Cuando hemos criticado duramente los magros logros académicos de Díaz y Moreno no es por esnobismo. Jamás hubiésemos criticado por ausencia de estudios a los históricos líderes del movimiento sindical europeo de décadas pasadas. Criados en sociedades profundamente desiguales, los dirigentes sindicales de antaño suplieron con inteligencia, sacrificio y honestidad la imposibilidad de estudiar que las estructuras reinantes les habían impuesto. Si criticamos a Díaz, Moreno y muchos otros es porque tuvieron la oportunidad de formarse y, en vez de aprovecharla, prefirieron dedicarse en cuerpo y alma a jugar el juego. Pudieron y no quisieron.

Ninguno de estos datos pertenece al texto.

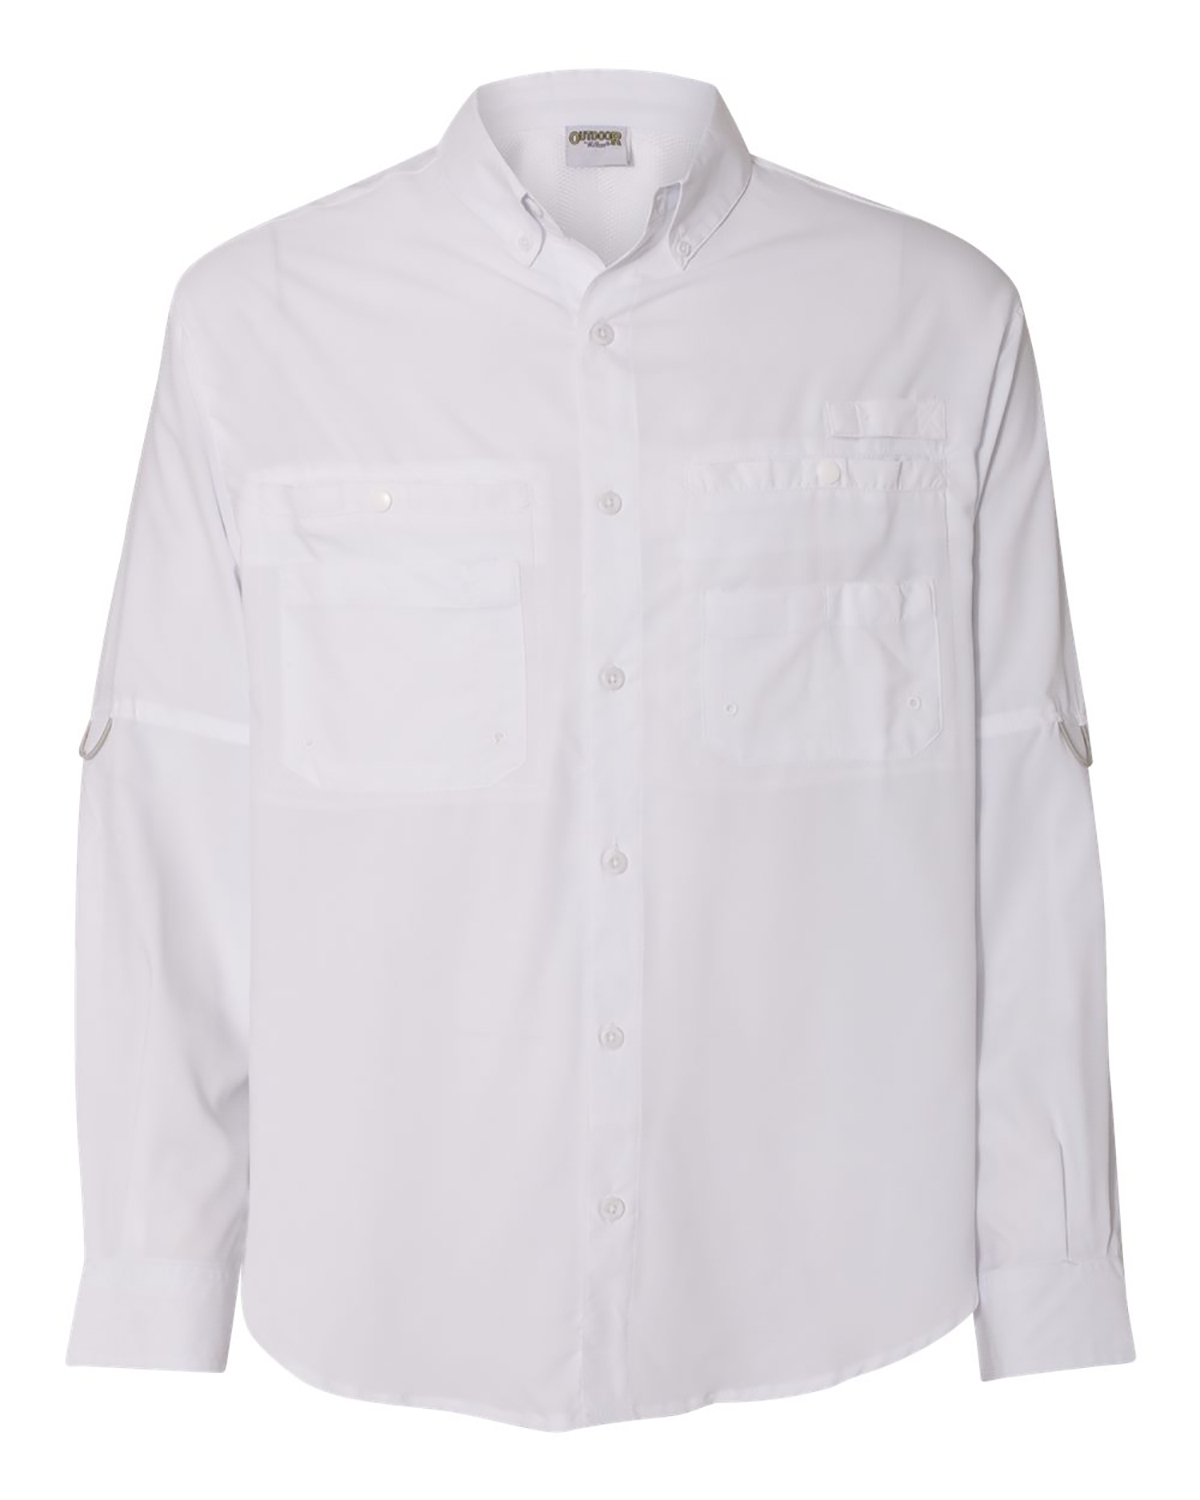 'Hilton ZP2299 Baja Long Sleeve Fishing Shirt'

EL IMPACTO para Andalucía y para España es terrible. Muchos nos llaman alarmistas, pero creemos firmemente que al final del camino por el que estamos avanzando aparece Argentina. Un país donde los dirigentes no se preocupan por aprender, donde no hay ninguna razón para considerar los méritos objetivos de las decisiones, donde la política económica mezcla a partes iguales populismo y extracción de rentas y donde la seguridad jurídica, como ya se ha dicho, es «un lujo que no nos podemos permitir». El resultado: pobreza.
Los españoles debemos exigir que cambien las cosas. La conciencia de que nuestro sistema actual de partidos tiene que cambiar está creciendo pero aún no es unánime. A nosotros mismos nos llevó tiempo llegar a esa conclusión. Al principio de esta crisis confiábamos mucho más en nuestros políticos. Cinco años después nos queda poca esperanza de que sea posible reconducir nuestro país con políticos del perfil de Díaz o Moreno.
Y en esta tarea colectiva de cambiar nuestros partidos políticos, el papel de la prensa es crucial. La investigación que nosotros hicimos el miércoles por la noche nos llevó dos horas. Cualquiera podría haberla hecho, pero demasiados periodistas se limitaron a copiar la elogiosa nota de prensa del propio PP y a alabar los «numerosos másteres» de Moreno. Pero también es fundamental la labor de la sociedad civil, que demasiado a menudo, tras la protesta fácil de un tuit, no se moviliza. Entre todos debemos impedir que mentir sobre un currículum quede impune. Entre todos debemos preguntar a los candidatos a qué se dedicaron durante sus años de juventud. Entre todos debemos exigir explicaciones a los actos arbitrarios de nuestros gobernantes. Andalucía y España se lo merecen.